— Дело не в этом, — мужчина кратко закатил глаза и странно посмотрел на мое черное приталенное платье. — Просто вся твоя одежда… Как же это корректно сказать?.. Она неправильно действует на наших посетителей, понимаешь? Они не думают о работе, Настя. А надо, чтобы только о ней и думали.
Еще пару дней назад я бы поспорила. Но после того ужаса, что устроили в кабинете мои престарелые поклонники, приходилось согласиться с мужчиной.
— Если вы думаете, что я располагаю бесконечным запасом денег, то это не так, — поспешила поставить в известность мужчину я. — Отец пополняет карту, да. Но на очень конкретную сумму. Которая стала очень скромной с появлением его содержанки. То есть, девушки… В общем, денег на шмотки у меня нет!
Хлопнув в ладоши, Арсений Александрович вскочил на ноги и, прихватив пиджак, направился к выходу из кабинета:
— Идем. Купим тебе униформу. Еще один такой погром я не выдержу.
Не веря собственным ушам, я растерянно прошептала:
— Зачем такие сложности? Не проще найти новую секретаршу? Вы ведь не какой-то миллиардер…
Донской косо усмехнулся, пока глаза его горели ярким пламенем. И сморозил:
— Зачем так громко, Настенька? Обычный, среднестатистический миллионер…
****
— Бьюсь об заклад, — сморозил Донской самодовольно, — ты в шоке, что мы здесь, а не на каком-нибудь рынке?
Прыснув со смеху, я невинно пожала плечами и огляделась. Да, торговый центр в сердце столицы был для туристов и людей с достатком выше среднего. Но меня особо не впечатлил. Как минимум потому, что не в шмотках счастье.
— Раньше папа всегда меня баловал. Сумочки дорогие дарил… На каждый праздник. Даже день металлурга, — мечтательно вздохнув, я неожиданно для себя погрустнела. — Это после смерти мамы началось. Он будто пытался дать мне все то, что жене не успел.
Не знаю, зачем я это сказала. Но Донской посмотрел на меня так пронзительно и внимательно, что мурашки по телу прошли.
— И давно она умерла? — спросил он зачем-то.
Каждый раз, вспоминая о маме, меня словно пронзали сотни игл, причиняя огромную боль. Эта рана никогда не затянется. С ней просто надо научиться жить. И у меня почти получилось.
— Мне было тринадцать. А у нее внезапный рак мозга. Неоперабельный. Последняя стадия. Сгорела за три недели. Мы ничего даже понять не успели. Это ее фамилия — Петрова. Я взяла ее в дань памяти, — с комом горле я чеканила слова. Прятала взгляд, чтобы ректор не увидел моих слабостей. Отряхнулась, стерла дорожки слез и шагнула в сторону аллеи магазинов. — Допрос окончен? Идемте за рабочей униформой. Надо вернуться до начала учебы.
— Постой, — мужчина схватил меня за кисть и притянул к себе. Я удивленно повернулась и замерла. Его глаза вдруг показались мне такими красивыми, совсем не знакомыми… И открытыми для меня. Впервые с момента знакомства. — Тебе не стоит стыдиться своих чувств, Настя. Они делают нас людьми.
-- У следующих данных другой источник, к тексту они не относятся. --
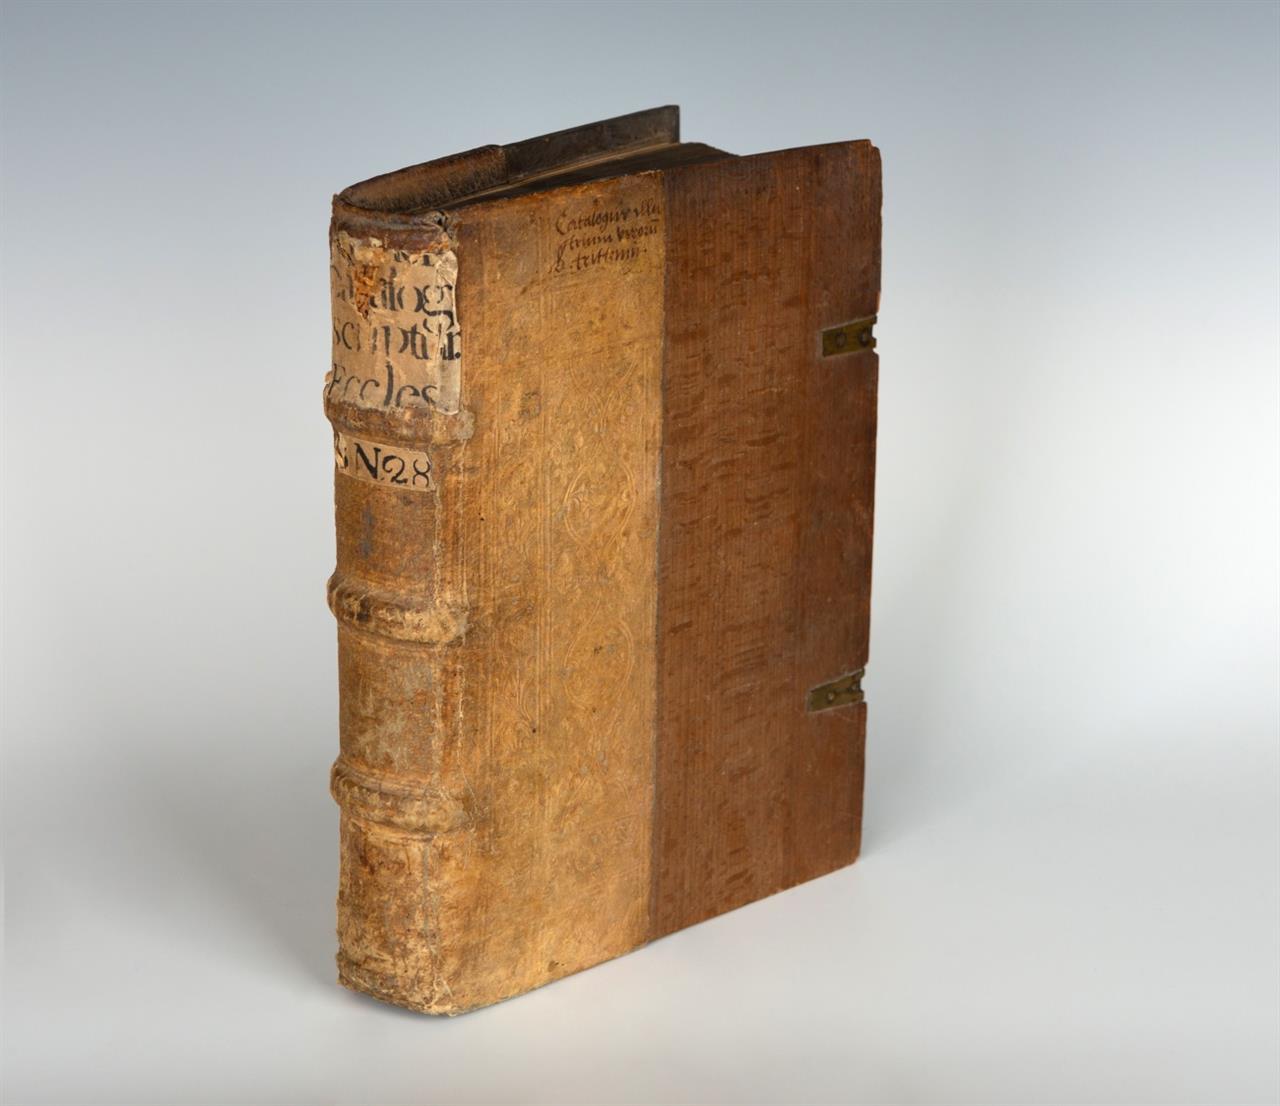 Joh. Trithemius,  Catalogus scriptorum ecclesiasticorum sive illustrium virorum. Köln 1531.

Я резко отряхнулась от наваждения и чересчур резко воскликнула:
— Что вы вообще об этом знаете?!
Арсений Александрович посерьезнел и снова закрылся от меня, делаясь суровым:
— Когда мне было десять, отец ушел из семьи. Сказал, что такие неудачники ему не нужны, и скрылся из виду. Тут же женился на дочке богатого бизнесмена и усыновил ее детей.
— Это не то же самое, — почему-то стало неуютно. Рука ректора, что все еще держала меня за кисть, мягко сползла на ладонь. Я не смогла сделать даже вдох, замирая статуей.
— Твоя мама не выбирала бросать тебя. А мой отец сделал это намеренно. Так какая смерть неприятнее? — многозначительно выгнув бровь, Арсений Александрович, кажется, совсем не ждал ответа.